Jean-Pierre Lacroix: “There will be no purely military solution in the Sahel”

La Croix: In Mali, the junta which took power in the summer of 2020 is clinging to it, while opening the door to new players, such as the Russian private military company Wagner. On this issue, China and Russia oppose the firmness desired by the Economic Community of West African States (ECOWAS), the United States, the United Kingdom and France. How does this situation inspire you?

J.-PL: The situation in Mali reflects the growing disunity of member states within the UN. Our goal is to actively support efforts to find a reasonable compromise on the duration of the transition.

Is the arrival of Wagner’s Russians likely to make you leave Mali?

J.-PL: Each State is free to enter into partnerships with whomever it wishes. But it is essential for us to continue to be able to implement our mandates under good conditions of cooperation with the civil and military authorities of the host country. On this point as on others, we must be accountable to the Security Council, from which we receive our mandate.

→ ANALYSIS. In Mali, a not so isolated junta

In addition, Minusma (the UN mission deployed in Mali, editor’s note) has the mandate to report to the Security Council on allegations of human rights violations committed on Malian territory, whatever the alleged perpetrators. We implement this mandate, in Mali as in other countries where we have similar mandates.

What is your reaction to the coup in Burkina Faso?

J.-PL: We are closely monitoring the situation in Burkina Faso, and we are concerned. As you have seen, the Secretary-General called on all actors to opt for dialogue and reaffirmed the UN’s total commitment to the preservation of constitutional order.

→ PORTRAIT. Coup in Burkina Faso: who is the leader of the junta?

Are you pessimistic about the security evolution of the Sahel?

J.-PL: It is certain that there will not be a purely military solution in the Sahel. I understand the frustration of some players in the region who are asking for a stronger mandate to fight terrorists.
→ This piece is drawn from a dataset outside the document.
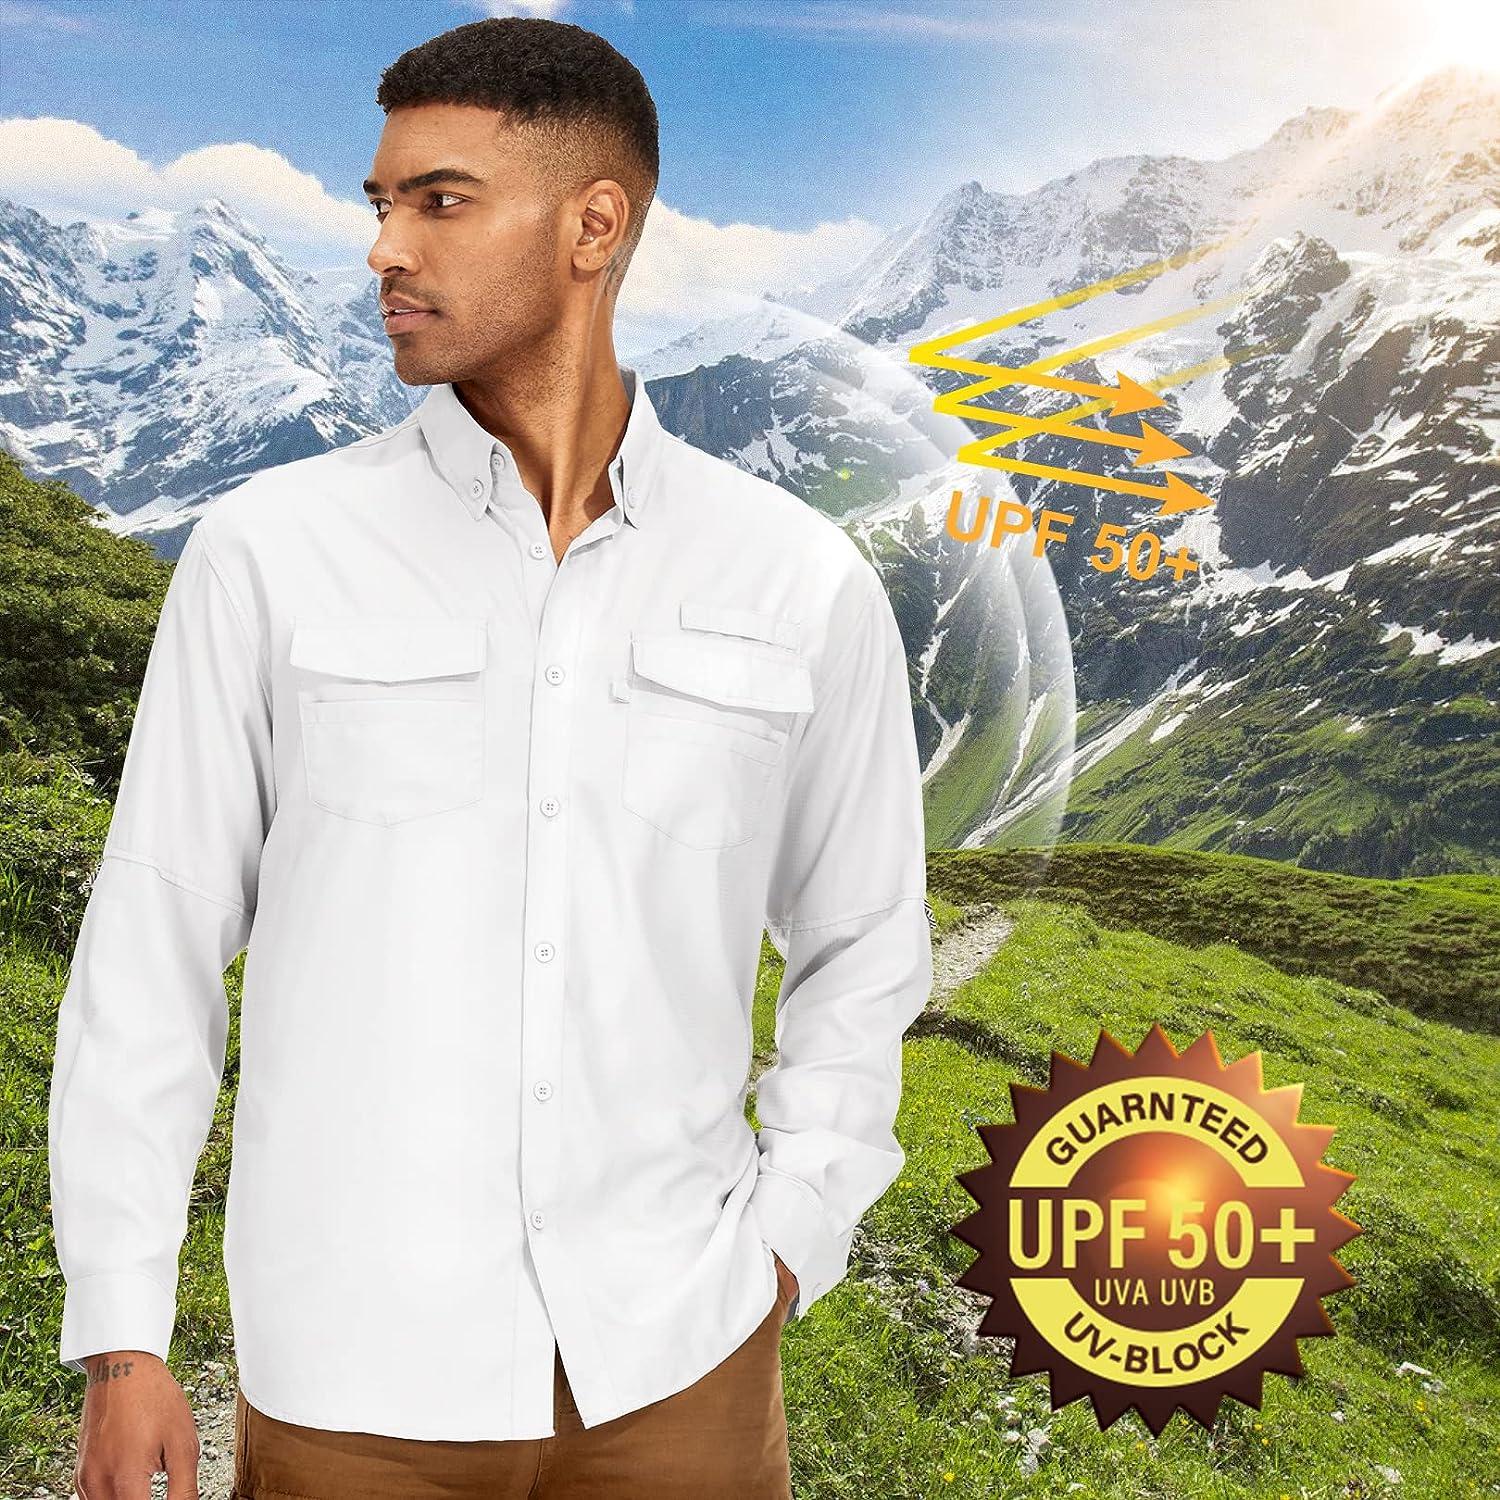 adviicd Long Sleeve Shirts For Men Men's Fishing Shirts with

But, I repeat, the military approach cannot be the only solution. This must be more global: be firmer vis-à-vis all actors in the crisis, but also provide solutions to the insufficient presence of States, the consequences of climate change, and other factors of conflict. such as international criminal activities.

Have we entered a new cold war?

J.-PL: Beware of historical comparisons. However, today we have reached a very high degree of division among the member states of the United Nations. In the Security Council, these divisions do not prevent the renewal of our mandates, even if I observe that this is done less and less unanimously. On the other hand, they often prevent the advancement of political solutions to conflicts.
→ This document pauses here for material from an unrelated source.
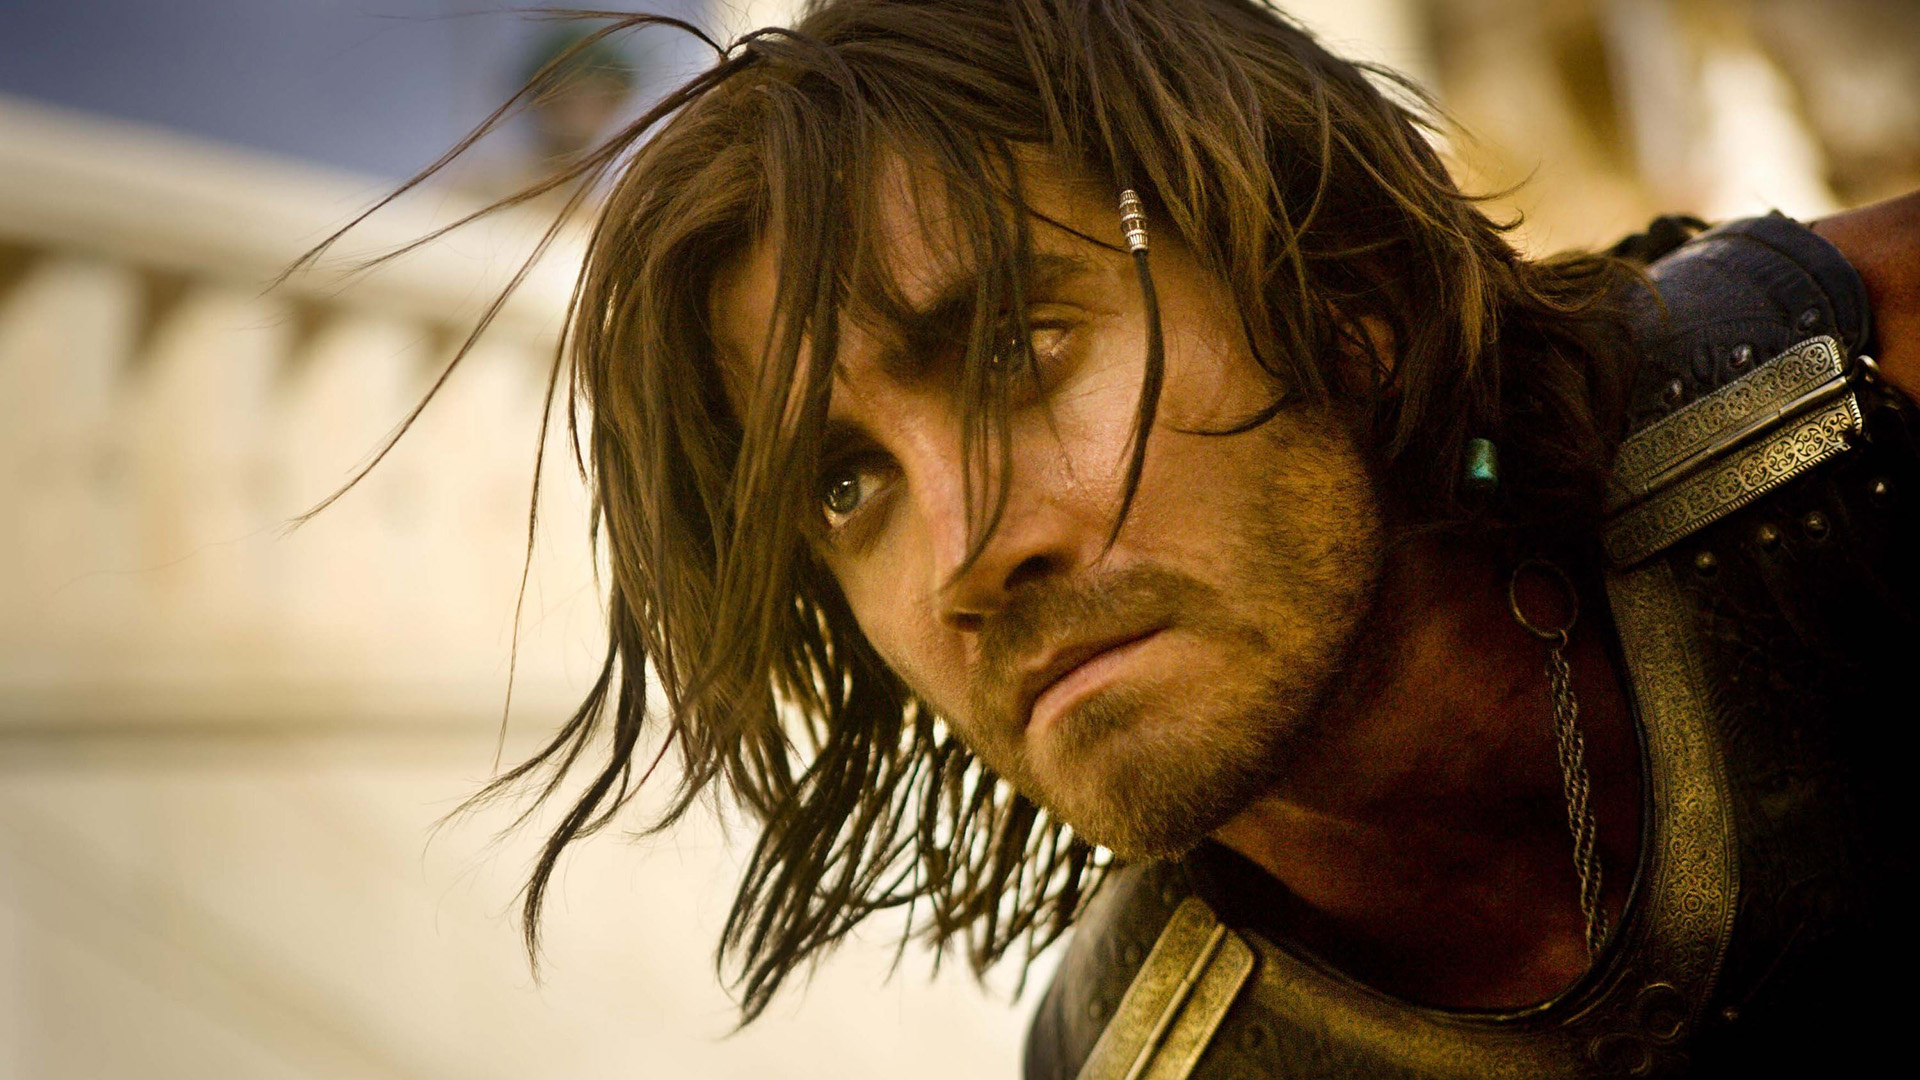 5 Jake Gyllenhaal Movies That Will Leave You Believing in Love

Taking advantage of the disunity of the most influential members of the international community, intermediary actors have arisen. And by intervening in turn, they further complicate and internationalize crises.

Has the nature of the conflicts changed in this new context?

J.-PL: In the past, we were more involved in interposition missions between several States. But today, we are also engaged in multi-layered conflicts: there are juxtaposed local, national, regional and today global determinants such as criminal activities or terrorism.

This is the case in Africa, where we are currently conducting our largest peacekeeping operations: in Mali, DR-Congo, South Sudan, Central Africa, for example. This overlapping of factors makes these conflicts more difficult to resolve on the security and political levels. They are also more dangerous for our blue helmets.

How are you trying to respond to these new crises?

J.-PL: We turn to the Member States to present to them, with the utmost honesty, all the facts of the problem: from the quality of our equipment to the evaluation of our performance, but also, and perhaps mainly, the need for they are resolutely committed to advancing political solutions. Without a united and determined commitment on their part, in particular the most influential ones, we are not able to achieve the ultimate objective of our operations: getting out of the crisis! Unfortunately, today, none of the conflicts in which we are engaged are characterized by credible prospects for a lasting political settlement.